L’exposition commence par la mission photographique de la DATAR dans les années 1980, faisant de cette expérience l’acte fondateur de la photographie de paysage contemporaine. Elle laisse place ensuite aux années 1990 et aux nombreuses commandes publiques à une échelle plus locale, liées à la mise en place effective de la décentralisation, comme les observatoires photographiques du paysage (OPP), les missions Transmanche ou Euroméditerranée. Enfin, des salles ouvertes se succèdent, évoquant le glissement de la commande publique vers une commande autonome, formulée par les artistes eux-mêmes. Les photographes s’organisent en collectifs indépendants, comme Tendance floue ou le Bar Floréal, puis France(s) territoire liquide, qui conclut ce vaste parcours.
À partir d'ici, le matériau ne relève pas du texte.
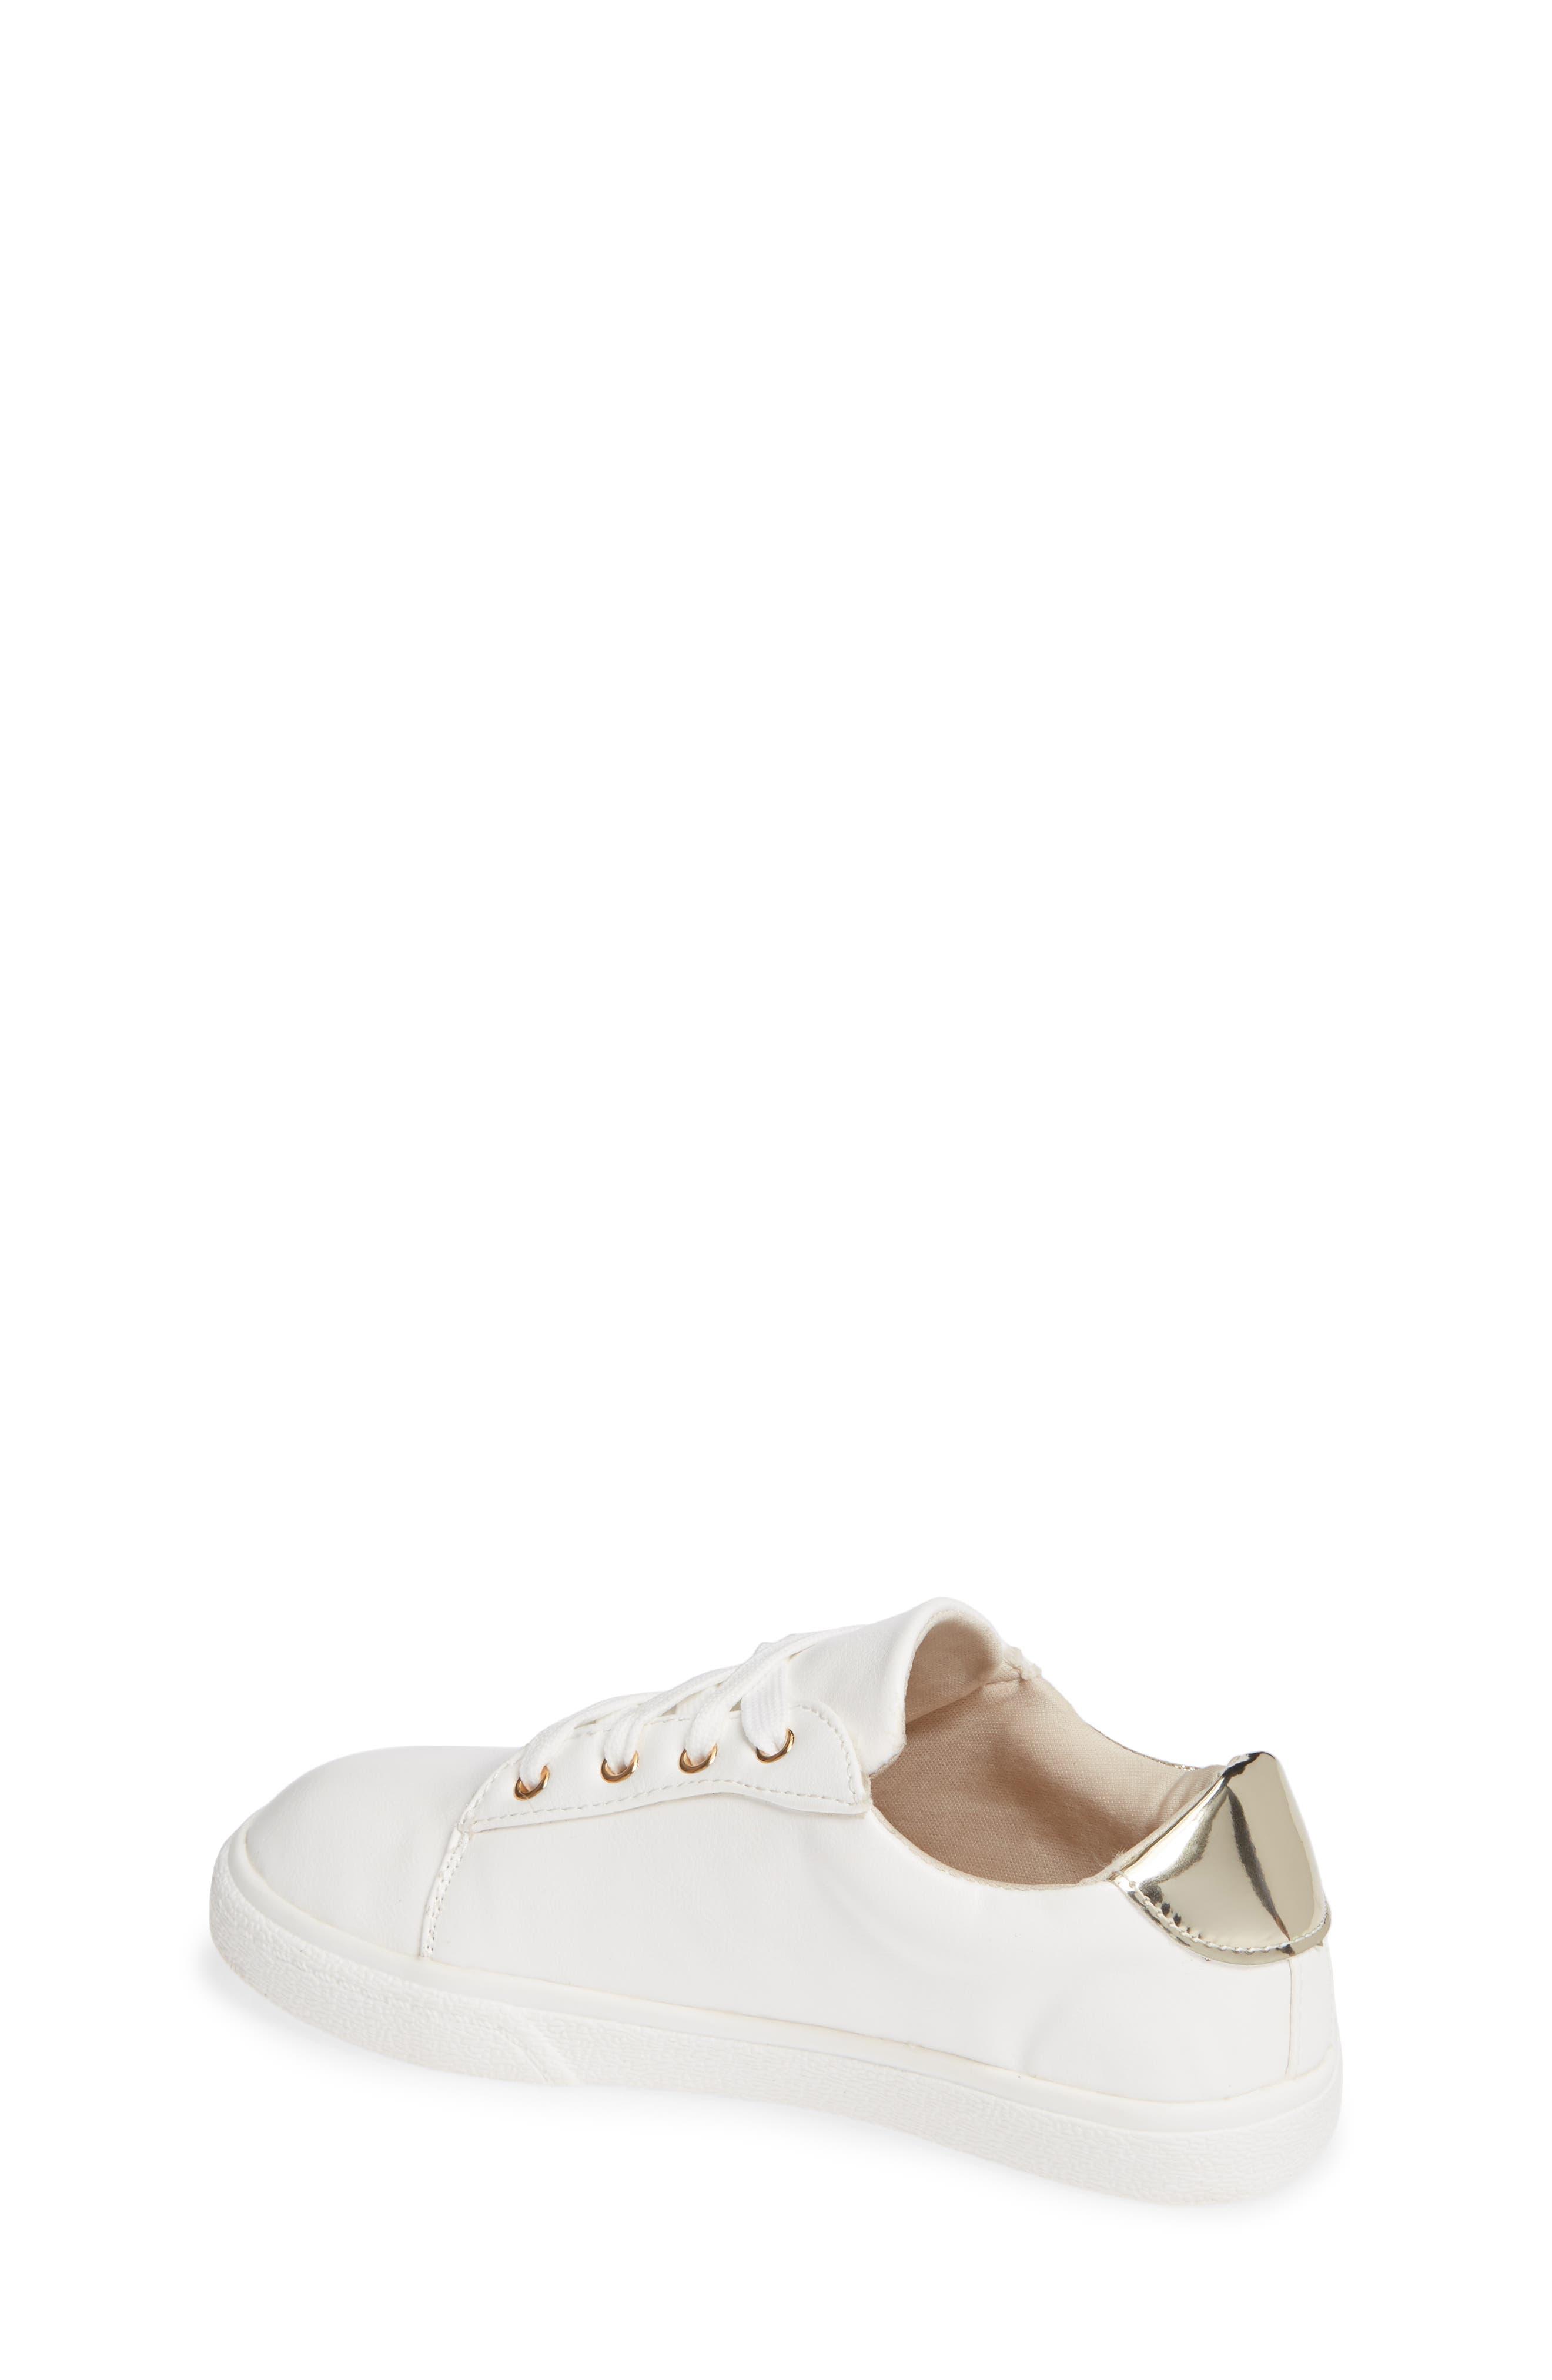 Miss Harper Appliqué Glitter Sneaker,                             Alternate thumbnail 2, color,                             WHITE W/ GOLD STAR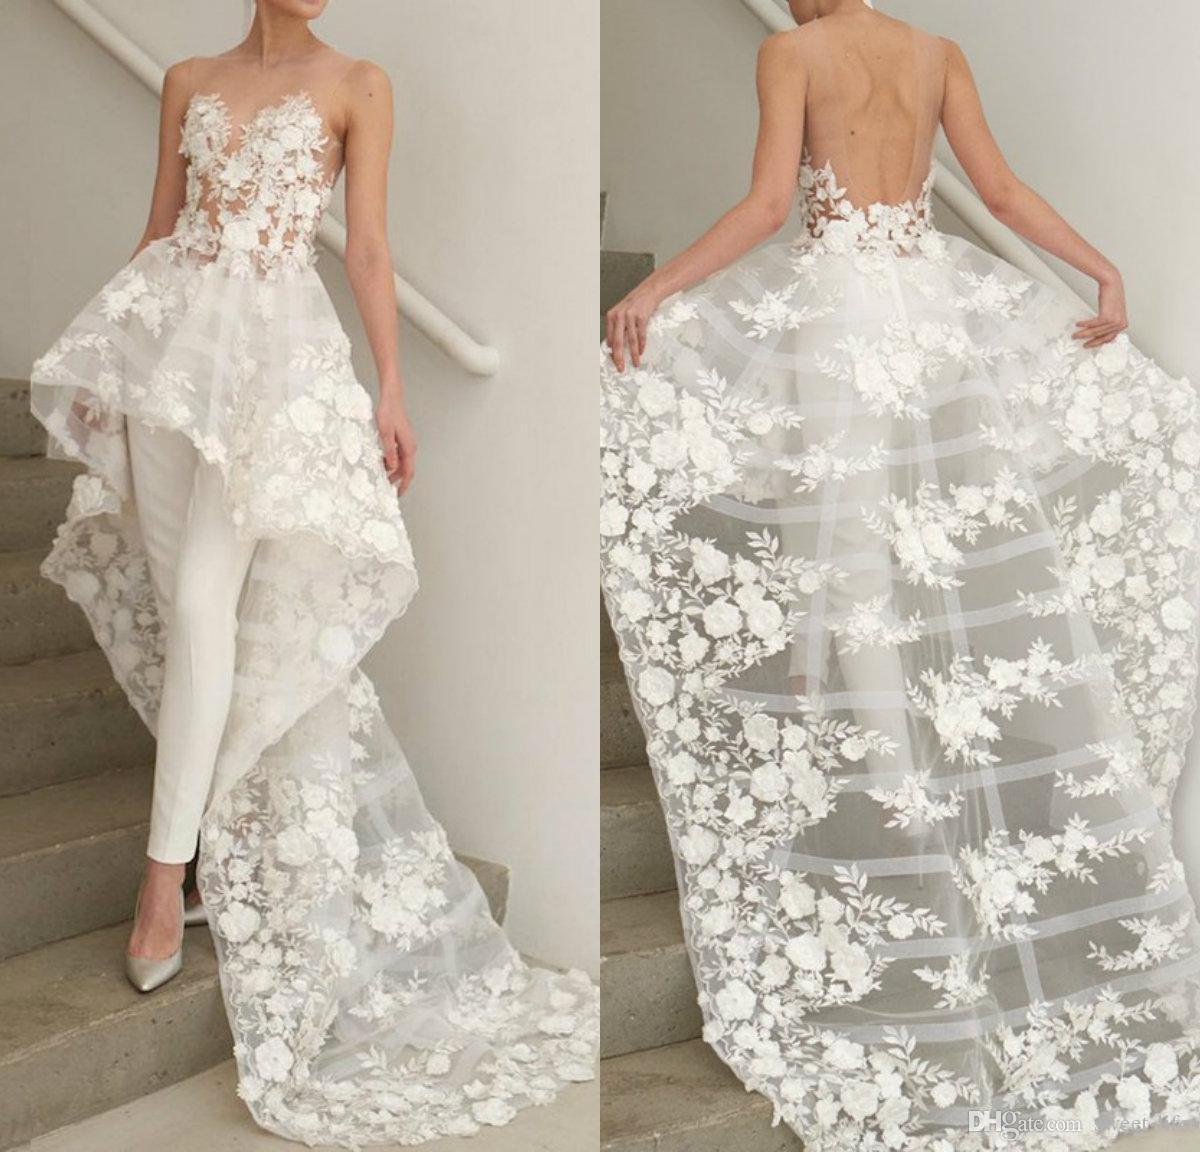 Chic Bohemian линия свадебные платья Sheer Jewel шеи кружева аппликация без спинки свадебное платье boho платье невесты без штанов

Cette volumineuse exposition permet d’interroger la relation ambiguë qu’entretient la commande publique avec la production photographique de paysage et l’imagerie nationale. Les questionnements individuels des photographes, leurs choix et leurs intentions esthétiques ou critiques, leur volonté de renouveler la tradition de la représentation du paysage rencontrent ici d’autres cultures professionnelles : celles des aménageurs, des techniciens, des décideurs, dont la culture est technique et administrative, avant d’être sensible. Pour la première fois depuis 1985, un public élargi découvre ces travaux réunis : l’exposition, par son ampleur et son originalité, donne l’occasion de mettre en perspective l’idée de territoire national.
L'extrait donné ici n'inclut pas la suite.